Submission Deadline: Friday, November 28, 2025, at 22:00 UTC (17:00 Eastern Time)
Proposal Guidelines
- Weather Conditions: Observations will be scheduled without consideration of the weather conditions.
- Length: Proposals are limited to one page of text, with one additional page permitted for figures and references.
- Priority: Accepted proposals will have lower scheduling priority than those approved through the standard Telescope Allocation Committee (TAC) review process.
- Available Observing Modes: Only the following backends may be requested: DCR, VEGAS, and VEGAS pulsar modes. Observations will be restricted to using the 800, L, S, C, and X bands for 25B and 342, 800, L, C, and X bands for 26A. Observations for other backends or receivers will not be considered. Observations are restricted to the 20-14 hour LST range.
- Execution: All observations will be conducted by GBO staff using standard and well-established observing modes. Proposals requiring complex setups or non-standard observing strategies will not be considered.
- Restrictions:
- Proposals that were previously submitted and reviewed during the 25B or 26A TAC cycles are ineligible.
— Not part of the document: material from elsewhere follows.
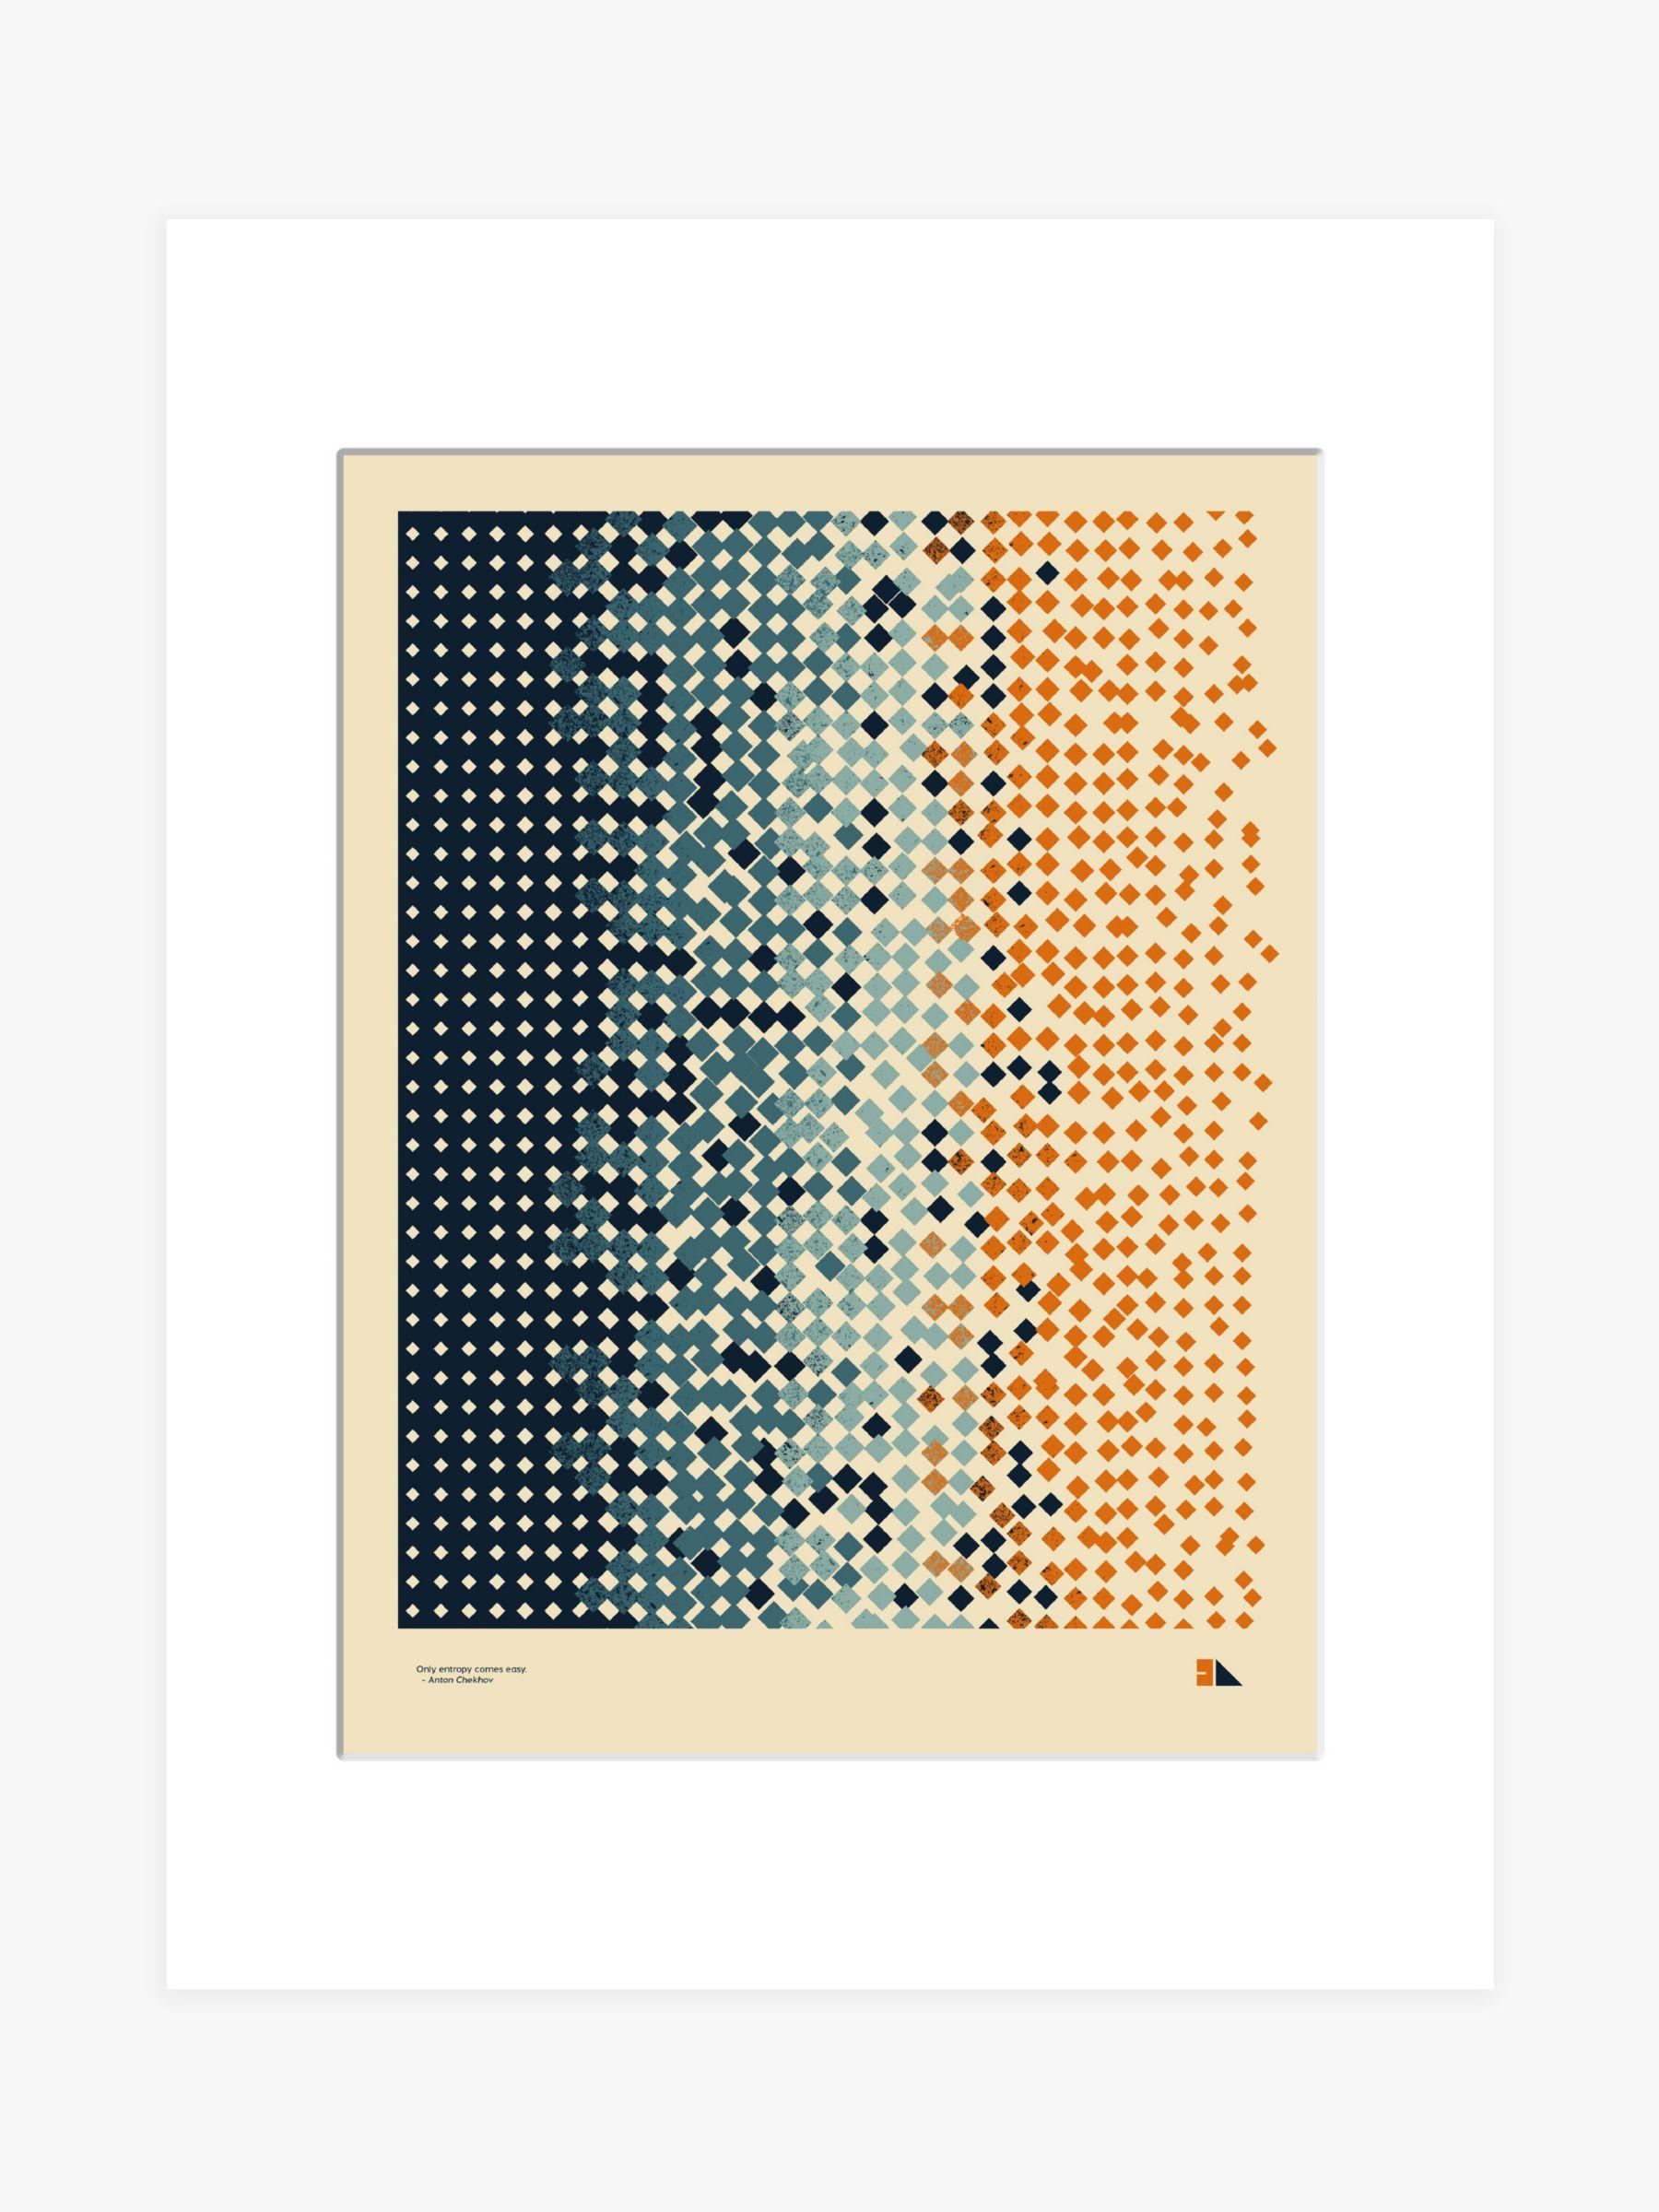 Unbranded Justin Van Genderen - Entropy Unframed Print & Mount, 40 x 30cm, Blue/Red

- Large Proposal submissions are not permitted under this call.
Submission Instructions
All proposals must be submitted through the Proposal Submission Tool (PST). When submitting, select "Special Call" as the proposal type in the PST.
Additional Information
- Details on the GBT and its capabilities can be found on the Proposal Call page.
- Results and pressure plots from the 25B and 26A Regular Proposal Calls can be found on the TAC Report Page.
21st NRAO Synthesis Imaging Workshop: Pre-registration Now Open
The NRAO is preparing to host the 21st Synthesis Imaging Summer Workshop in Socorro, New Mexico, on May 19-27, 2026. The workshop, established in 1980s, has been an invaluable resource in training new generations of radio astronomers in aperture synthesis theory and techniques in radio interferometry. The workshop program will consist of lectures on radio interferometry fundamentals and advanced, state-of-the-art methods and techniques, including hands-on tutorials with data from Very Large Array (VLA), Very Long Baseline Array (VLBA), and the Atacama Large Millimeter/submillimeter Array (ALMA).
We are now inviting the community to pre-register for the workshop. The pre-registration in non-binding, but crucial for the event planning. For more information and to pre-register, visit the workshop website.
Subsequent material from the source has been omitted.